Народа набирается на целый взвод, а то и роту, и нам кажется, что это будет очень большой силой и сыграет важную роль в войне; нам кажется, что стоит нам появиться на фронте — и война будет кончена, мы так и жен уговариваем.
Нам объявляют, что завтра надо явиться к гостинице «Советская», там размещается штаб ополченцев Ленинградского района.
Пришел домой и с гордостью сообщил Галочке, что мы уже, все вместе, записались в ополчение. Она сразу же начинает шить мешок с лямками, такой, как нужно солдату, складывать все необходимое. Галя тоже хочет идти, медсестрой. Но как быть с Игорем? Мама не хочет оставаться с двумя детьми, своим десятилетним Димкой и нашим четырехлетком, она вдобавок еще и работает.

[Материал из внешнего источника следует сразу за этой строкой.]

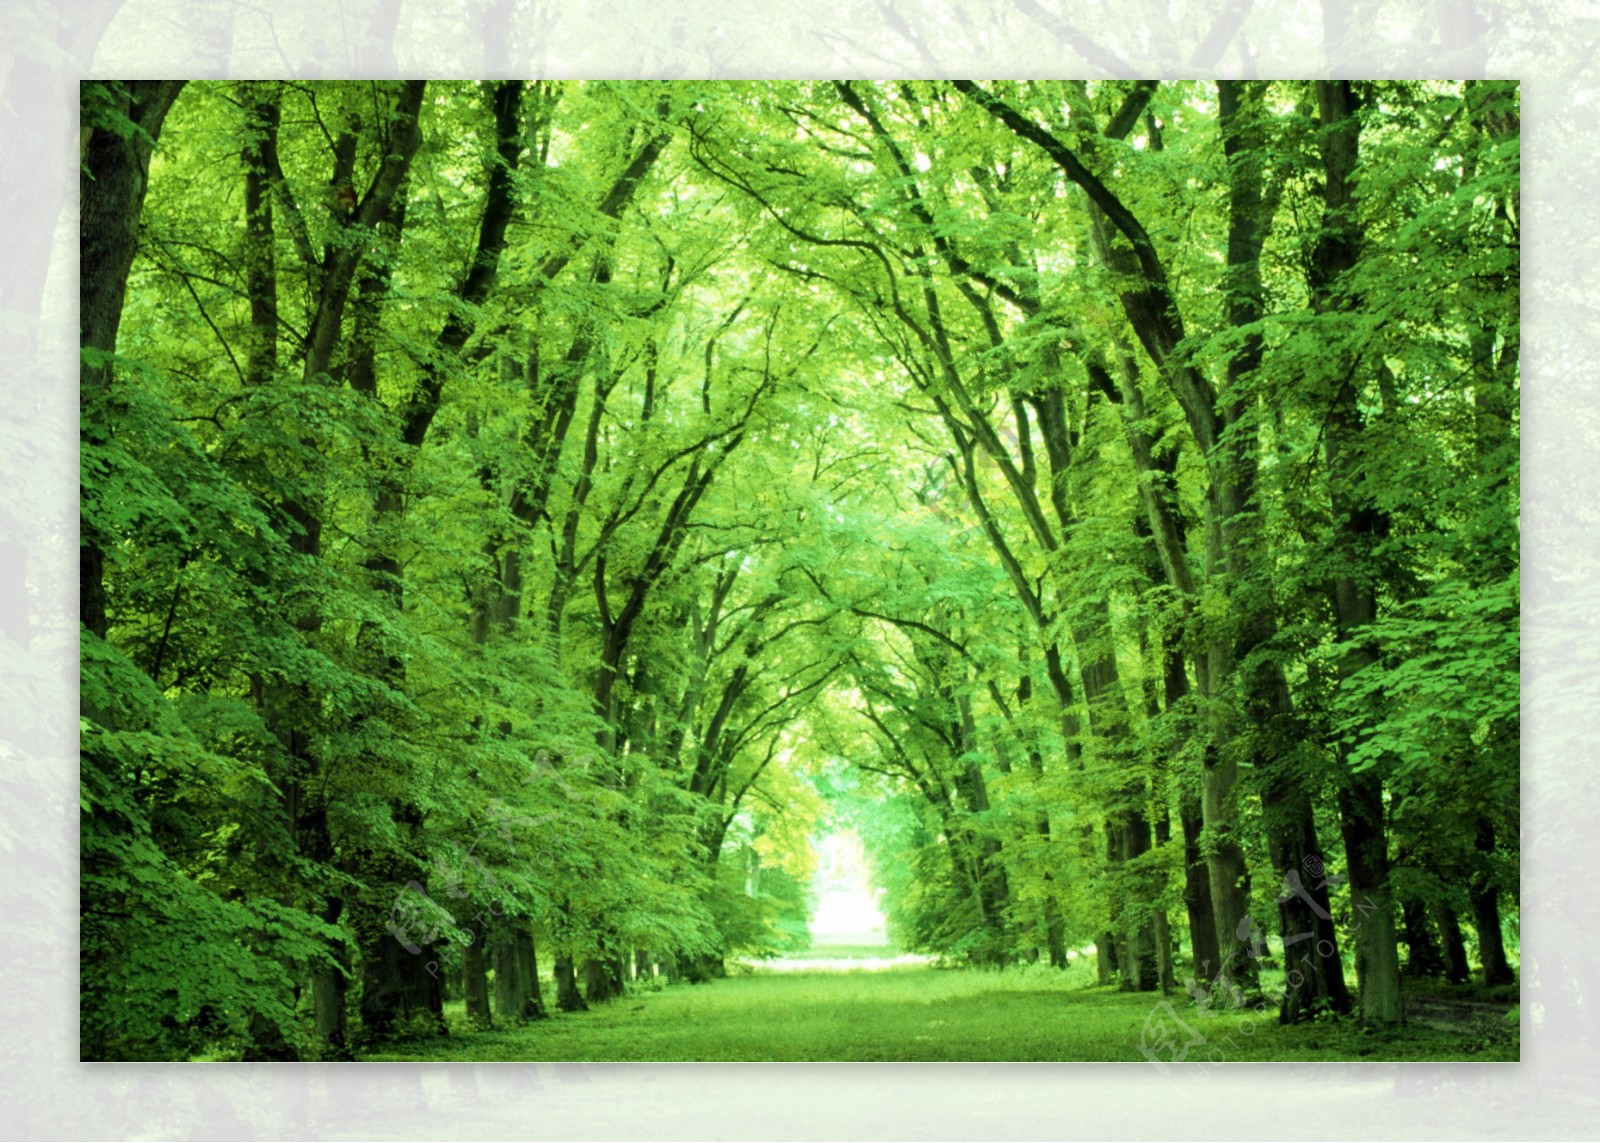 绿树林森林公园图片

Утром объявляют, что все женщины с детьми должны быть эвакуированы, должны покинуть Москву.
* * *
И вот наконец мы записаны и острижены, и первая ночь в школе, за запертыми дверьми.
Я сбежал той ночью и пришел на рассвете — вылез в окно и так же вернулся. Еще я не мог привыкнуть, что я — не я, что я уже солдат. И кроме того, мне казалось бессмысленным ночевать на полу в школе, если я могу и должен пойти домой и проводить свою жену в эвакуацию, отнести ей чемодан на место сбора.
Когда я пришел домой, мать Гали увела детей, освободила комнату, чтобы мы попрощались. Понималось, что это не просто наслаждение мужа и жены, а прощание, и, может быть, навсегда. В народе к этому относились серьезно и это не осуждалось как что-то стыдное, все с большим пониманием и сочувствием старались помочь и дать возможность побыть наедине.
Я тут понял, что нахожусь как бы за гранью и права у меня необычные. Я почувствовал тут войну острее, чем даже тогда, когда получил винтовку.
Мы не спим ночь, такую короткую, нашу последнюю ночь. Наступит день, и я не смогу вернуться домой.
Так случилось, что через два дня, 5 июля, в одно и то же время, ночью, мы уходили по Волоколамскому шоссе, а Галочка с Игорем уезжали в теплушках в Пензу.
* * *
Надев шинель, еще ты не стал солдатом. Убивать, даже ради жизни, — это значит перевернуть в своем мозгу и сердце все с таким трудом нажитые на протяжении истории человечества чувства и понятия.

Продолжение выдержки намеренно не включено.